AI chips serve two functions. AI builders first take a large (or truly massive) set of data and run complex software to look for patterns in that data. Those patterns are expressed as a model, and so we have chips that “train” the system to generate a model.
Then this model is used to make a prediction from a new piece of data, and the model infers some likely outcome from that data. Here, inference chips run the new data against the model that has already been trained. These two purposes are very different.
Training chips are designed to run full tilt, sometimes for weeks at a time, until the model is completed. Training chips thus tend to be large, “heavy iron.”
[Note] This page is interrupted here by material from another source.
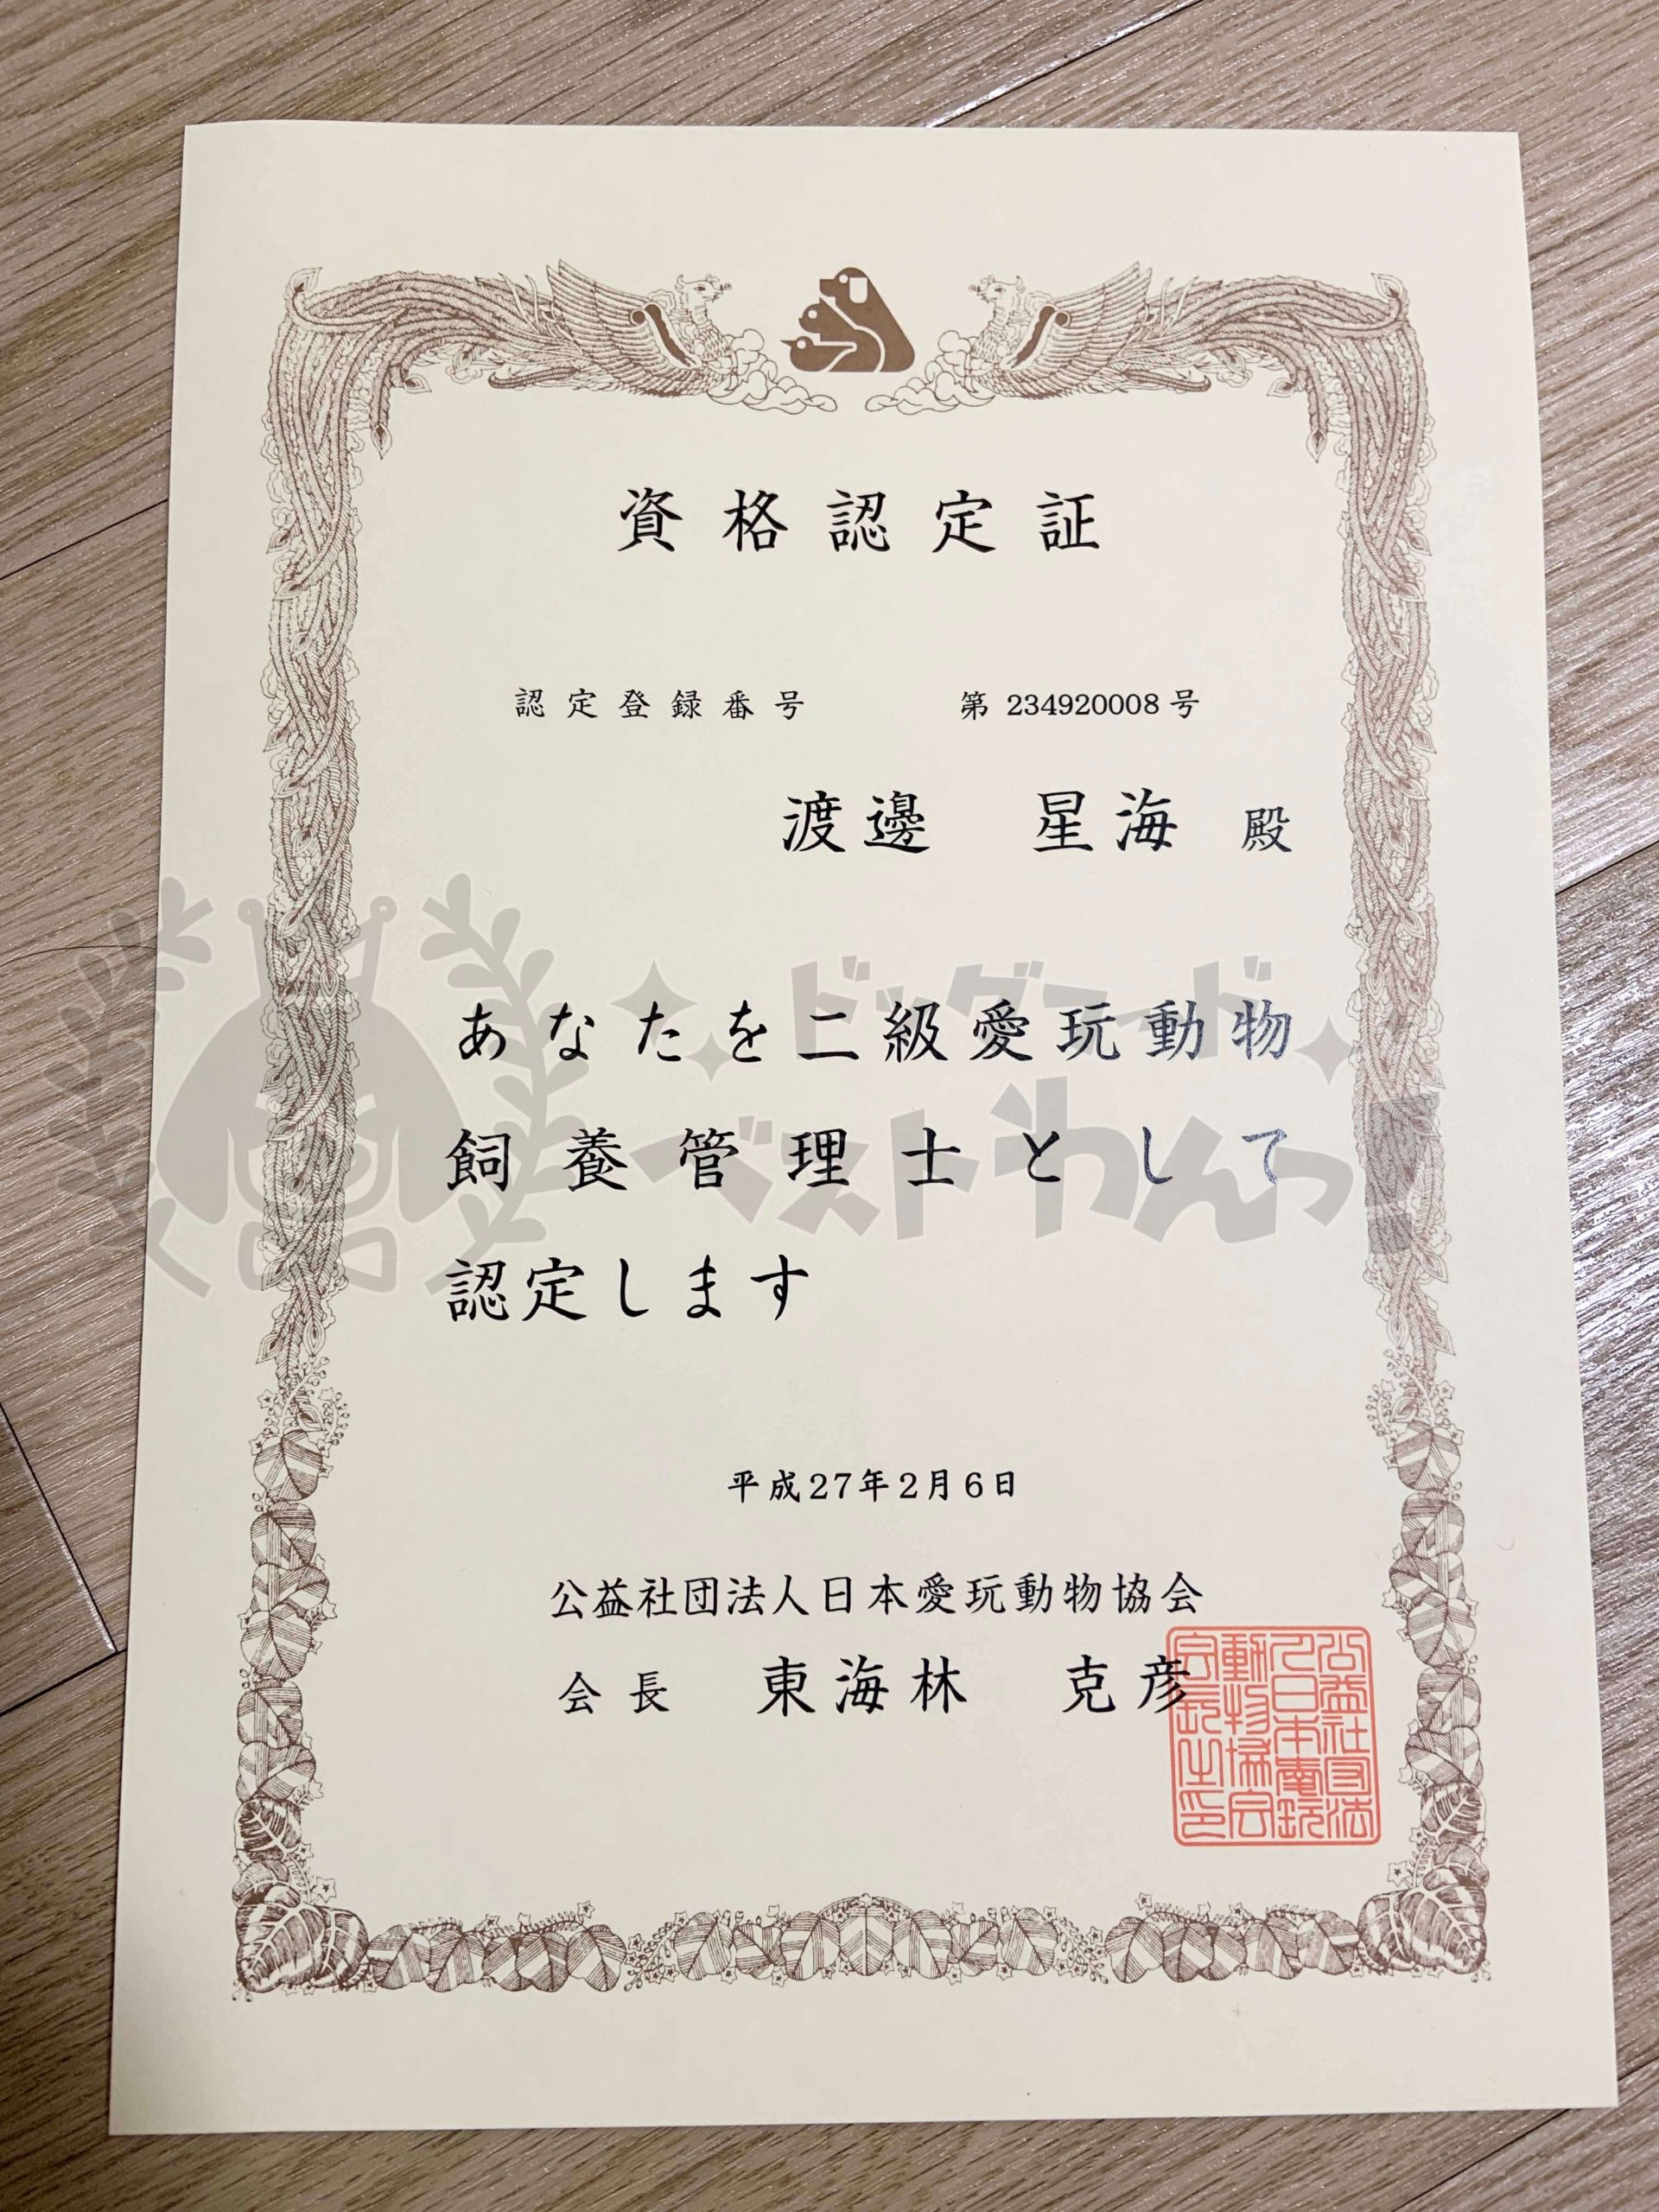 渡邊星海の日本愛玩動物協会二級愛玩動物飼養管理士資格認定証

Inference chips are more diverse, some of these are used in data centers, others are used at the “edge” in devices like smartphones and video cameras. These chips tend to be more varied, designed to optimize different aspects like power efficiency at the edge. And, of course, there all sorts of in-between variants. The point is that there are big differences between “AI chips.”
For chip designers, these are very different products, but as with all things semiconductors, what matters most is the software that runs on them. Viewed in this light, the situation is much simpler, but also dizzyingly complicated.
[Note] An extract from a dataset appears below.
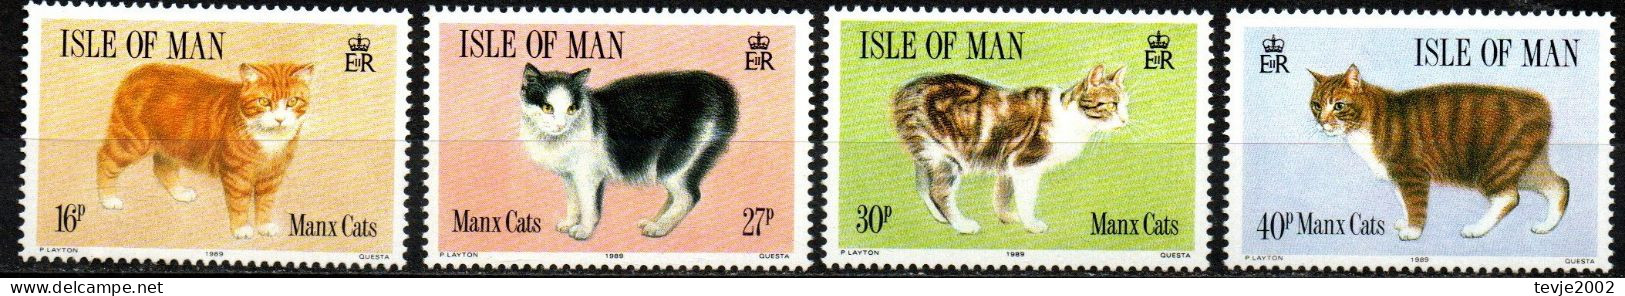 Isle Of Man 1989 - Mi.Nr. 383 - 389 - Postfrisch MNH - Tiere Animals Katzen Cats - Katten

Simple because inference chips generally just need to run the models that come from the training chips (yes, we are oversimplifying). Complicated because the software that runs on training chips is hugely varied. And this is crucial. There are hundreds, probably thousands, of frameworks now used for training models. There are some incredibly good open-source libraries, but also many of the big AI companies/hyperscalers build their own.
Because the field for training software frameworks is so fragmented, it is effectively impossible to build a chip that is optimized for them. As we have pointed out in the past, small changes in software can effectively neuter the gains provided by special-purpose chips. Moreover, the people running the training software want that software to be highly optimized for the silicon on which it runs. The programmers running this software probably do not want to muck around with the intricacies of every chip, their life is hard enough building those training systems. They do not want to have to learn low-level code for one chip only to have to re-learn the hacks and shortcuts for a new one later. Even if that new chip offers “20%” better performance, the hassle of re-optimizing the code and learning the new chip renders that advantage moot.
Which brings us to CUDA — Nvidia’s low-level chip programming framework. By this point, any software engineer working on training systems probably knows a fair bit about using CUDA. CUDA is not perfect, or elegant, or especially easy, but it is familiar. On such whimsies are vast fortunes built. Because the software environment for training is already so diverse and changing rapidly, the default solution for training chips is Nvidia GPUs.
The market for all these AI chips is a few billion dollars right now and is forecasted to grow 30% or 40% a year for the foreseeable future. One study from McKinsey (maybe not the most authoritative source here) puts the data center AI chip market at $13 billion to $15 billion by 2025 — by comparison the total CPU market is about $75 billion right now.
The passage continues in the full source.